- **SUPPLIED MATERIAL**
****

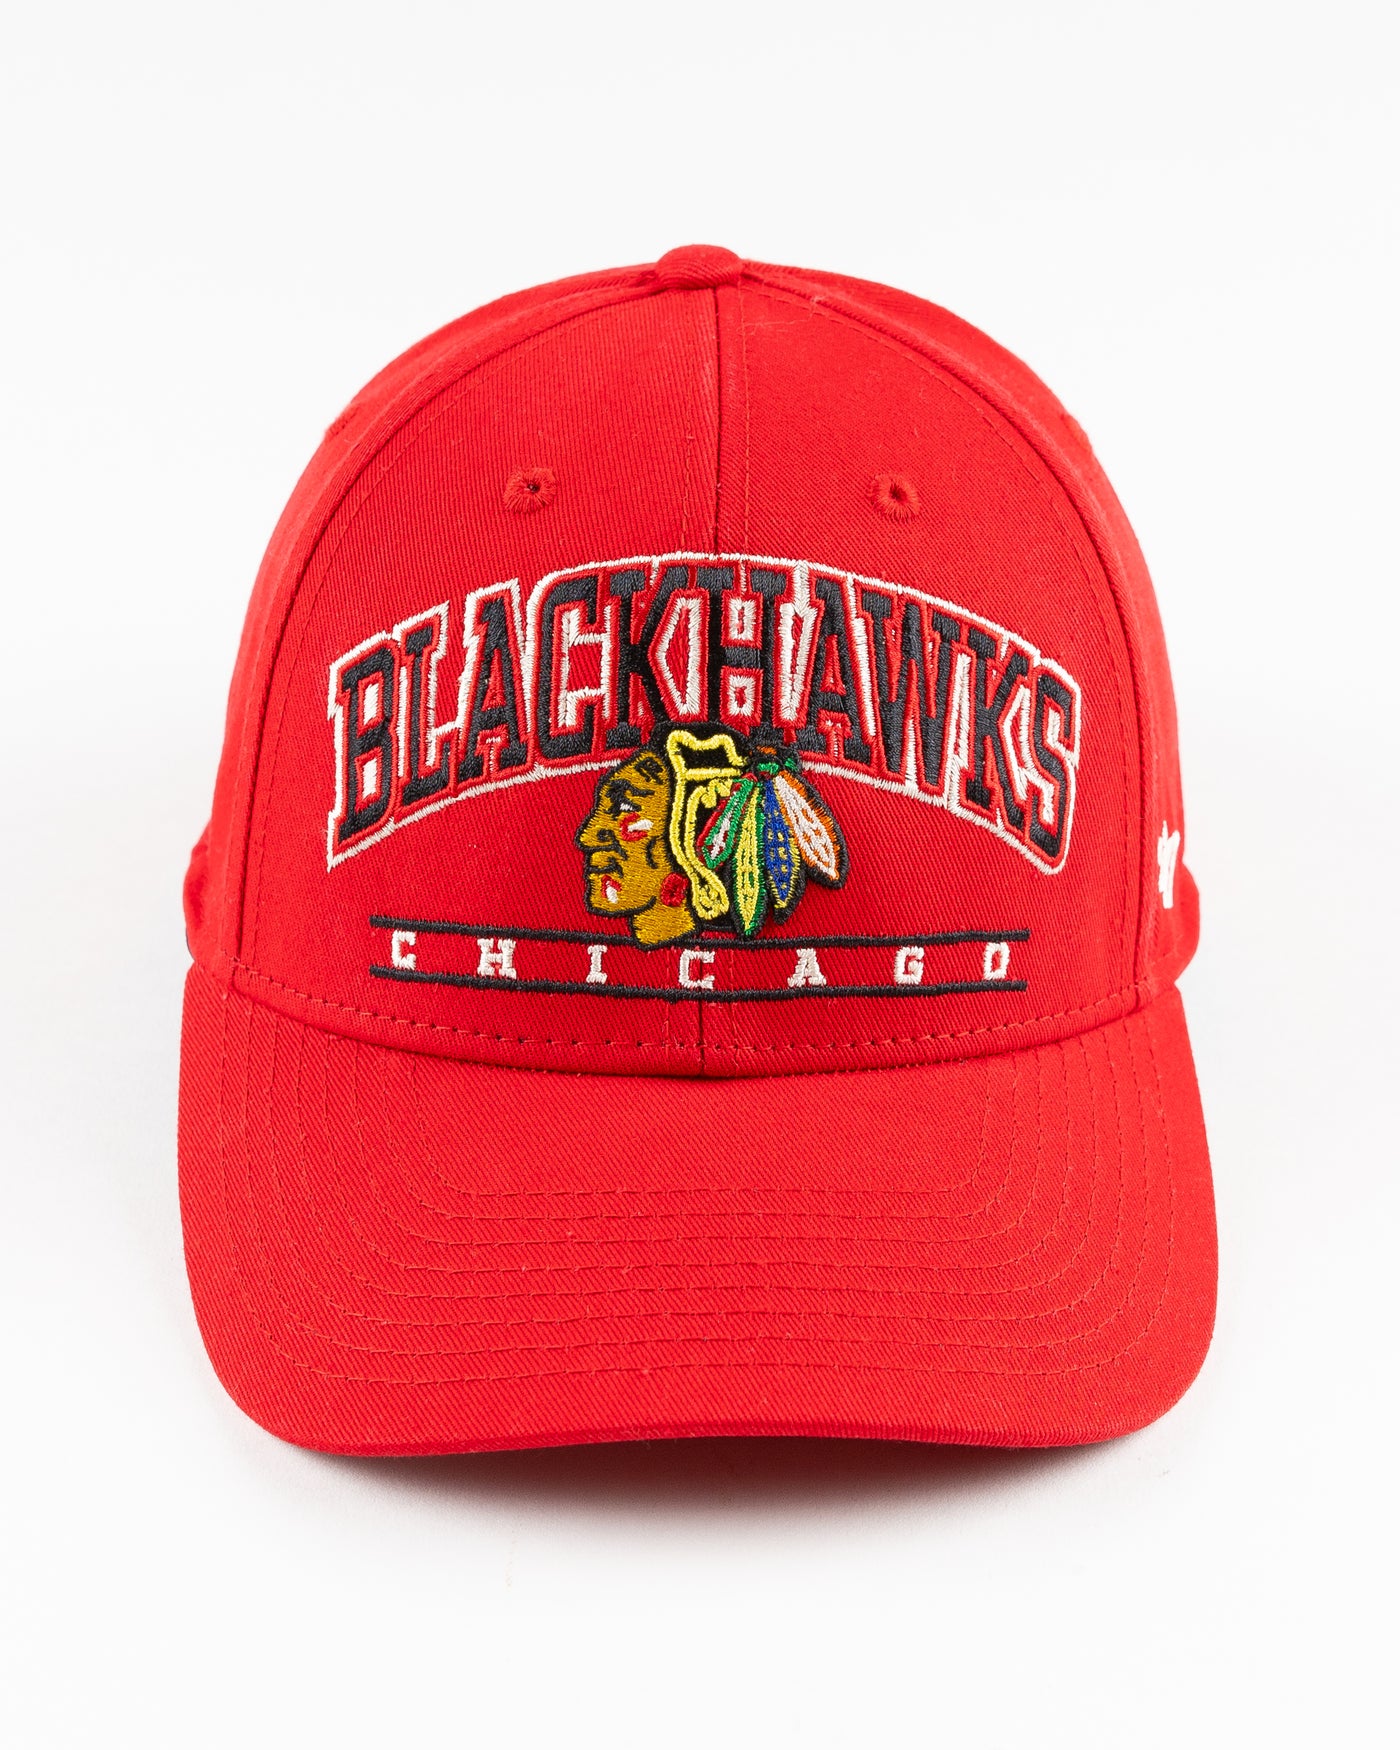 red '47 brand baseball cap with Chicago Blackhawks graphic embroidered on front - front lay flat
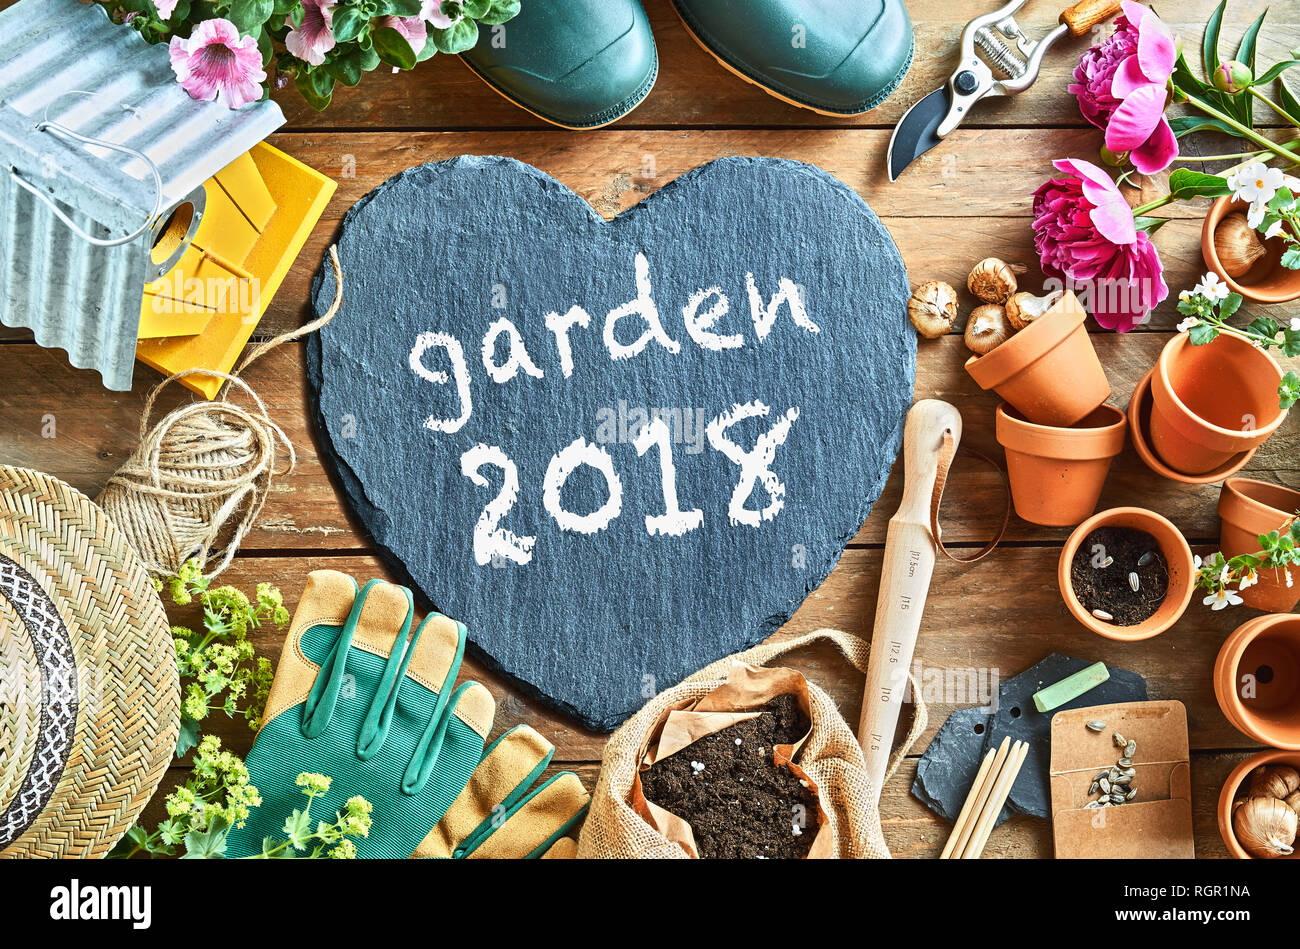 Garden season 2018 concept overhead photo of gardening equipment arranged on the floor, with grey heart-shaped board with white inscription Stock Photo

****

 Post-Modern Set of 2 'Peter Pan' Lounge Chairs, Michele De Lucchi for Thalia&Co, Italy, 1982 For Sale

****

- **EXERCISE BRIEF**
Above are the records; copy exactly the lines from the one with "red '47 brand" through the one with "Garden season 2018", including both, and nothing more. Leave out pictures.

- **ANSWER AREA**
 red '47 brand baseball cap with Chicago Blackhawks graphic embroidered on front - front lay flat
 Garden season 2018 concept overhead photo of gardening equipment arranged on the floor, with grey heart-shaped board with white inscription Stock Photo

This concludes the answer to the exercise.